A follow-on question would be: what happens when (not if) the developers don't supply sufficient documentation?

I recommend that IT have the ability to enter defect reports against the software, using whatever defect tracking system the developers use. That way, if they didn't tell you, for instance, that the files in a particular folder need to be purged, and that only a week's worth should be kept, you could enter a defect saying "application fills the disk with log files", and suggest they work with IT on a documented technique for purging that folder.

John Saunders
  • 425
  • 7
  • 22
  • Yep, been there, done that. It took **four weeks** for the developers to tell us how to purge the three tables that were growing without limit. Quicker to have thought about that upfront. But I strongly agree with you that manageability issues are defects in the software... – The Archetypal Paul May 10 '09 at 20:12
  • I usually reject deploying servers (as in daemons) that are undocumented. If I really need to deploy them by force (management demands it) I clearly state how much it will cost to figure all the stuff out – serverhorror Jun 15 '09 at 16:35
1

In short, I expect the documentation I specify and contract for.

Too many times this critical detail is left out of an agreement. The end user expects it and wants it for free of course. Good developers will correct this oversight early in process and set expectations including a price and time requirement.

Jim C
  • 409
  • 3
  • 3
0

@Spoike (I can't comment on answers yet..)

IT implementors (the role will vary by firm type and size) must work consistently to achieve the following:

  • Install/turnover Minimum Requirements - in other words, IT cannot be passive and expect developers to "know" what information is needed at install/turnover time. I have found that there is often considerable confusion/disagreement in IT as to what constitutes proper documentation of an app. Dev understands requirements (we hope) and IT must caucus to find what - at a minimum - is required.

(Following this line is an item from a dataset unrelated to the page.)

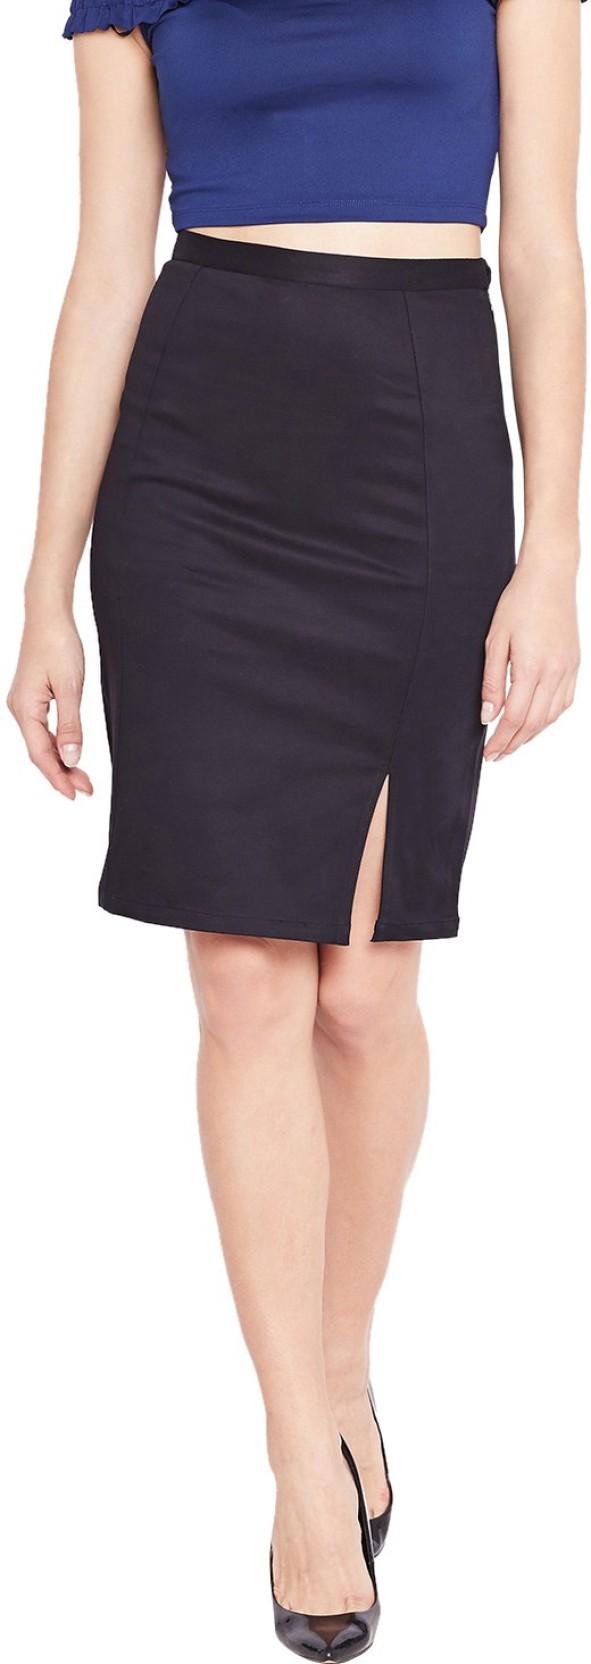 95a06f729 Purplicious Solid Women Pencil Black Skirt - Buy Purplicious Solid ...

  • An install/turnover procedure - in enterprise settings you might call this Change Control or Governance, but it is essentially a standard review cycle wherein IT sits down with Dev PRIOR top install to get a briefing on the product and its needs.

Installing an app is not unlike debuting a theatrical production. Before the curtain goes up, the director (lead developer) meets repeatedly with the stage production team (IT implementors) to make sure everything is "just so" for opening night (the public install).

You cannot change the Dev persona (why would you want to?), but you can point to your shared goal of a fantastic app that runs blazingly fast for all users. Your consensus IT doc requirements are just one of the things needed to ensure that.

Netais LLC
  • 131
  • 3
0

I believe IT needs to communicate with the developers what kind of documentation is needed. Best way to do this is if development delivers pre-release versions (or iteration releases) of a solution for IT to play and test with so IT can respond with what's needed.

Spoike
  • 369
  • 4
  • 13
0

Creating adequate release notes with an application would be a good start. If there are changes to current behaviour with the release, any notes from QA about changes to dependencies or start/stop behaviours, changes in load to dependent servers or databases, etc.